Evolution of regulatory complexes: a many-body system

In eukaryotes, many genes have complex regulatory input, which is encoded by multiple transcription factor binding sites linked to a common function. Interactions between transcription factors and site complexes on DNA control the production of protein in cells. Here, we present a quantitative evolutionary analysis of binding site complexes in yeast. We show that these complexes have a joint binding phenotype, which is under substantial stabilizing selection and is well conserved within Saccharomyces paradoxus populations and between three species of Saccharomyces. At the same time, individual low-affinity sites evolve near-neutrally and show considerable affinity variation even within one population. Thus, functionality of and selection on regulatory complexes emerge from the entire cloud of sites, but cannot be pinned down to individual sites.
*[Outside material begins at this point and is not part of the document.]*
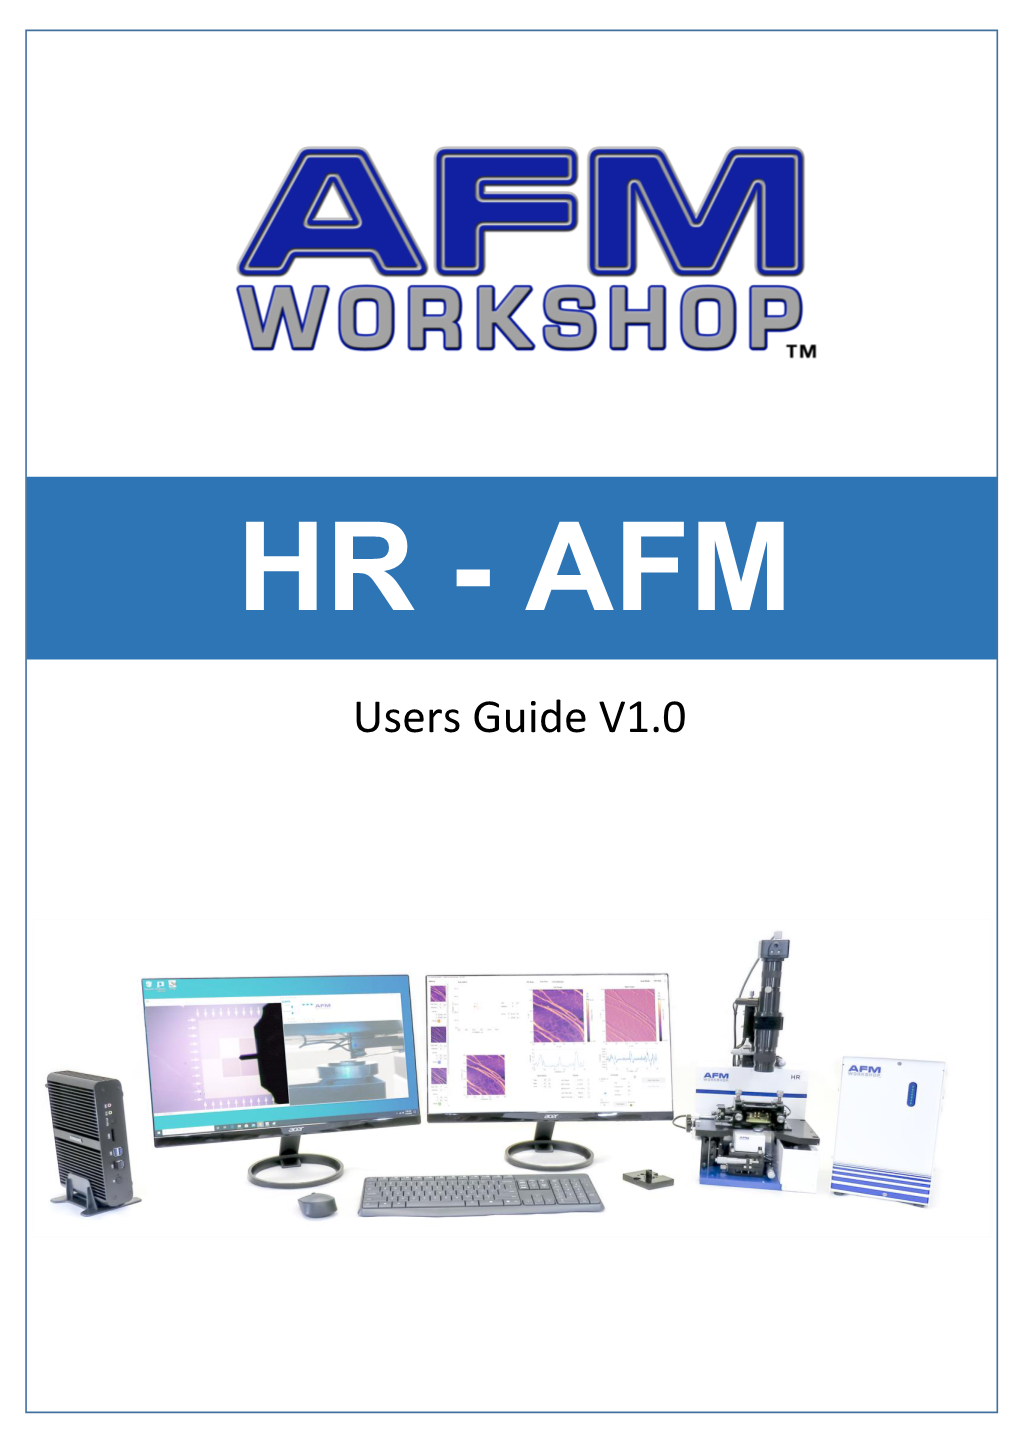 HR-AFM Manual

Our method is based on a biophysical model, which determines site occupancies and establishes a joint affinity phenotype for binding site complexes. We infer a fitness landscape depending on this phenotype using yeast whole-genome polymorphism data and a new method of quantitative trait analysis. Our fitness landscape predicts the amount of binding phenotype conservation, as well as ubiquitous compensatory changes between sites in the cloud. Our results open a new avenue to understand the regulatory ``grammar'' of eukaryotic genomes based on quantitative evolution models.